Owen self-released her debut album, "Emotions on a Postcard," in 1996, and it drew the attention of several major labels. Superproducer Glen Ballard (Alanis Morissette) signed Owen to his Capitol Records imprint Java and told her that she was going to be Joni Mitchell and Carole King combined. But soon after the album was finished at the end of 2000, Capitol became embroiled in corporate restructuring and "everything went to hell in a handbasket," Owen says. "I will never get into that situation again."

After much legal wrangling, Owen bought the disc back and recouped her costs almost immediately by placing some of the songs in films and television shows.
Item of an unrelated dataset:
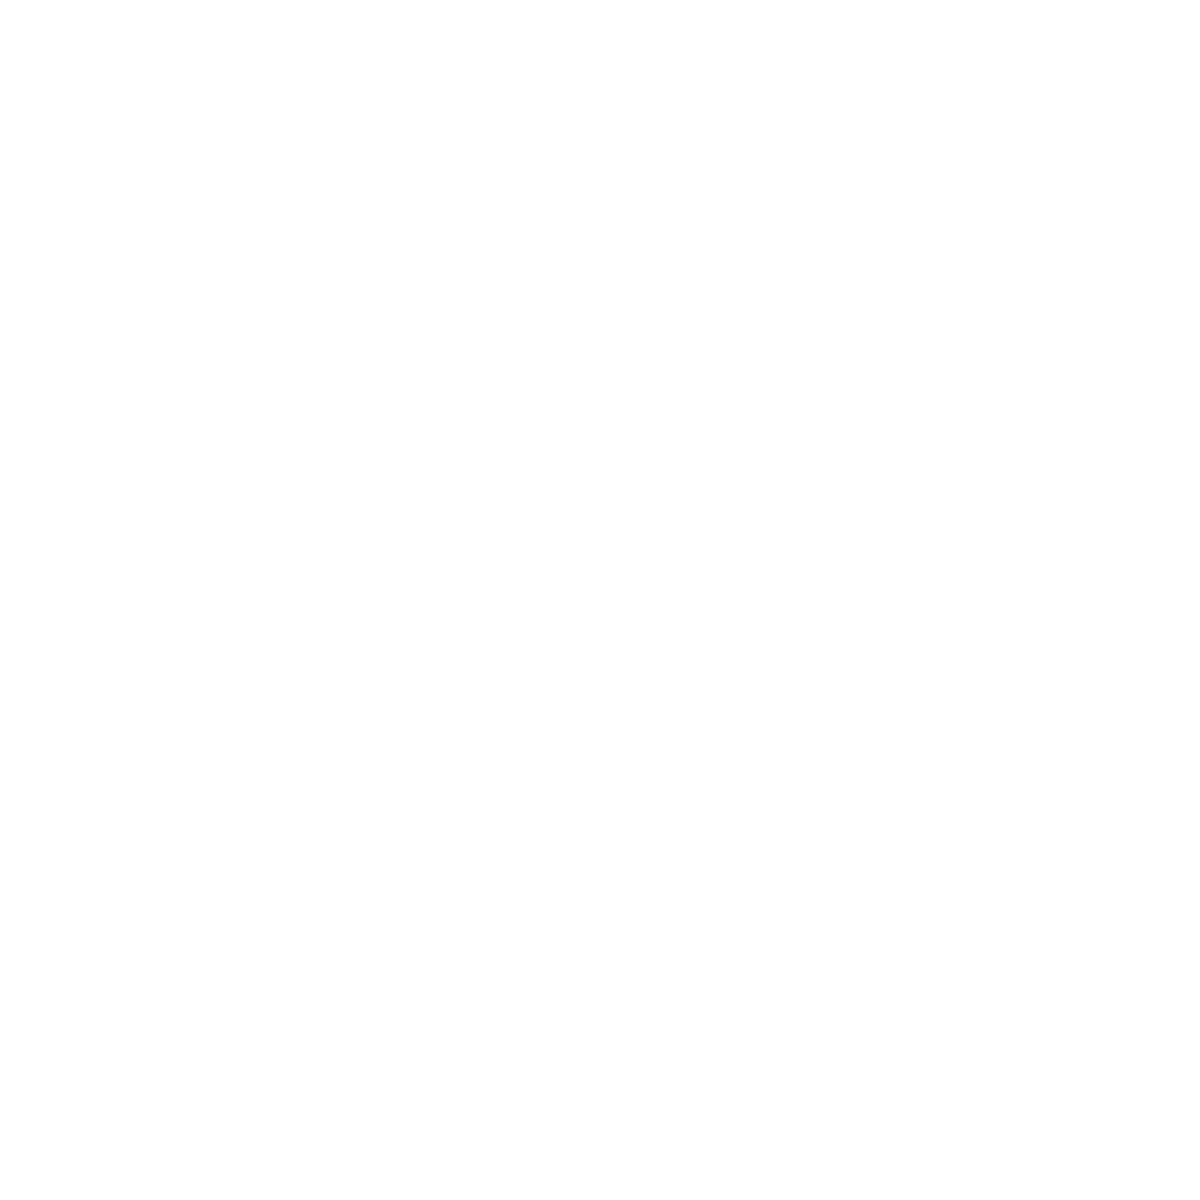 Oficina de Visitantes y Convenciones de Guadalajara, A.C.
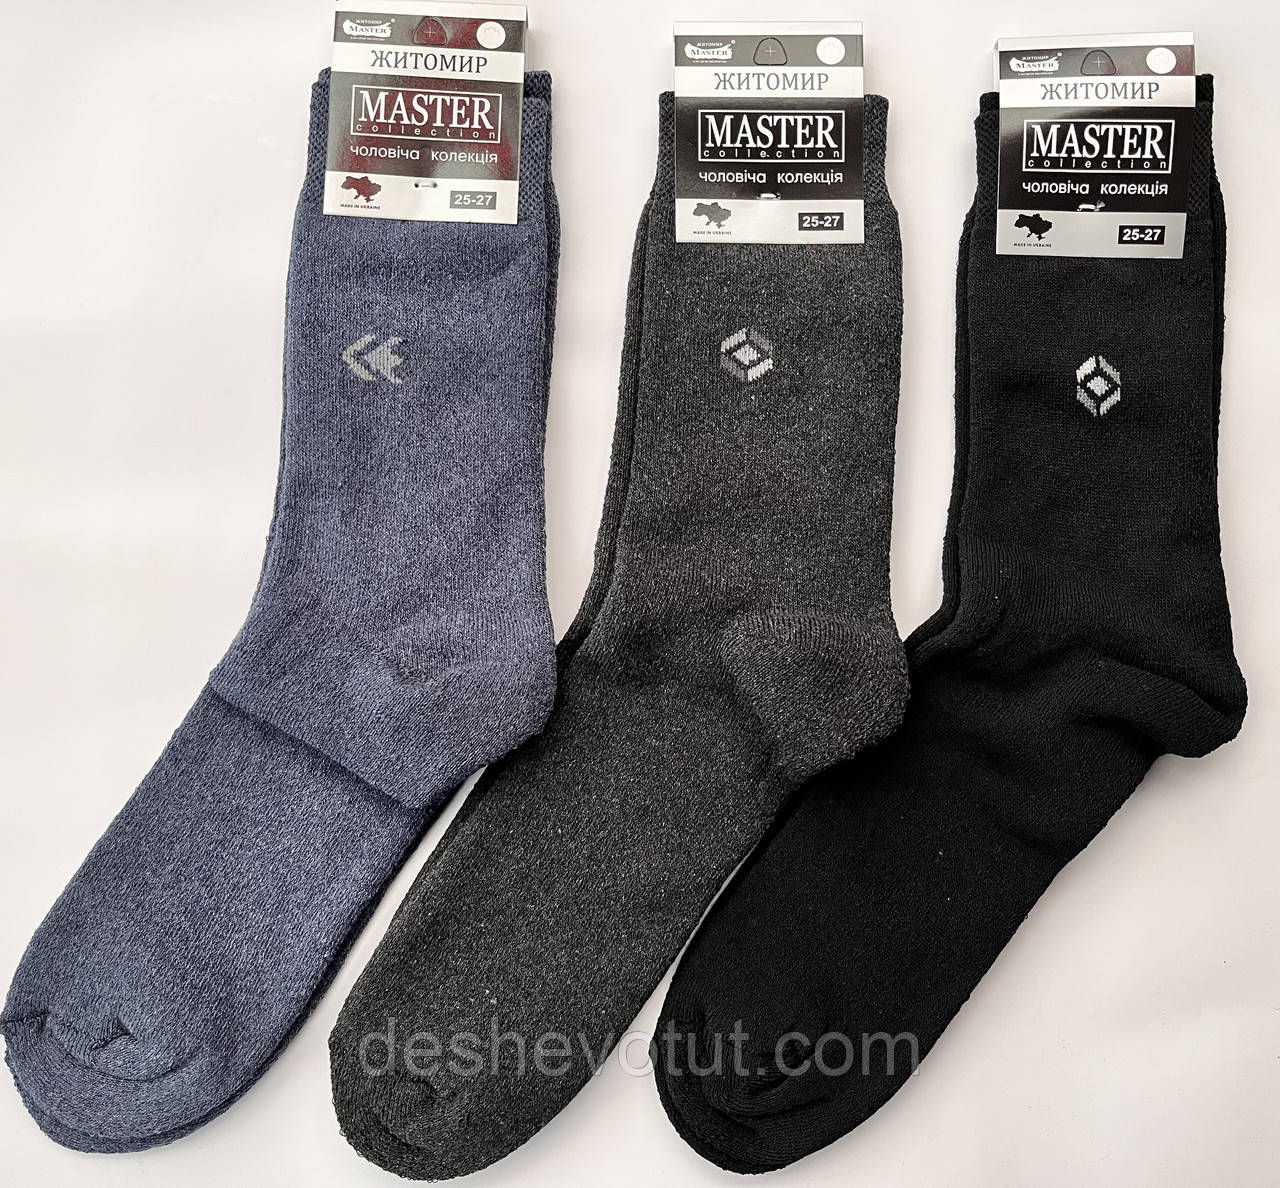 Шкарпетки чоловічі х/б махрові МАСТЕР економ — 25-27,27-29розміри

She now releases her albums, which arrive annually, on her own Courgette label.

Owen also performs original musical-comedy sketches with her husband and records and tours frequently with British folk-rock icon (and Fairport Convention founder) Thompson, who names Owen's musical intelligence as her distinguishing quality.

"She has good instincts. She makes good decisions," Thompson says. "There are bucketloads of singer-songwriters and piano players out there, but Judith has the greatest gift of all: individuality."

In today's fiscally stressed, niche-marketed industry, though, individuality isn't generally rewarded with commercial success. Even if she wanted it, the major-label machine would be unlikely to throw its weight behind Owen's old-school, genre-spanning songcraft. Still, for a long time Owen believed that adoring throngs were her ticket to happiness, and that her inability to cope with "the business" was derailing her dreams. So it was a life-altering epiphany for Owen when it dawned on her that all the small steps -- the crappy gigs and indie albums and unheralded creative strides -- are the reason she's here today.

"Here's how you know you haven't failed," Owen says. "When you realize, through therapy, of course, that you might have ended up like Nick Drake, that you do what you do when you can do it, that hiding out and retreating from the hoopla saved my life. And you hope that when beautiful things happen, you are in a place to receive it with gratitude, and not be destroyed by it."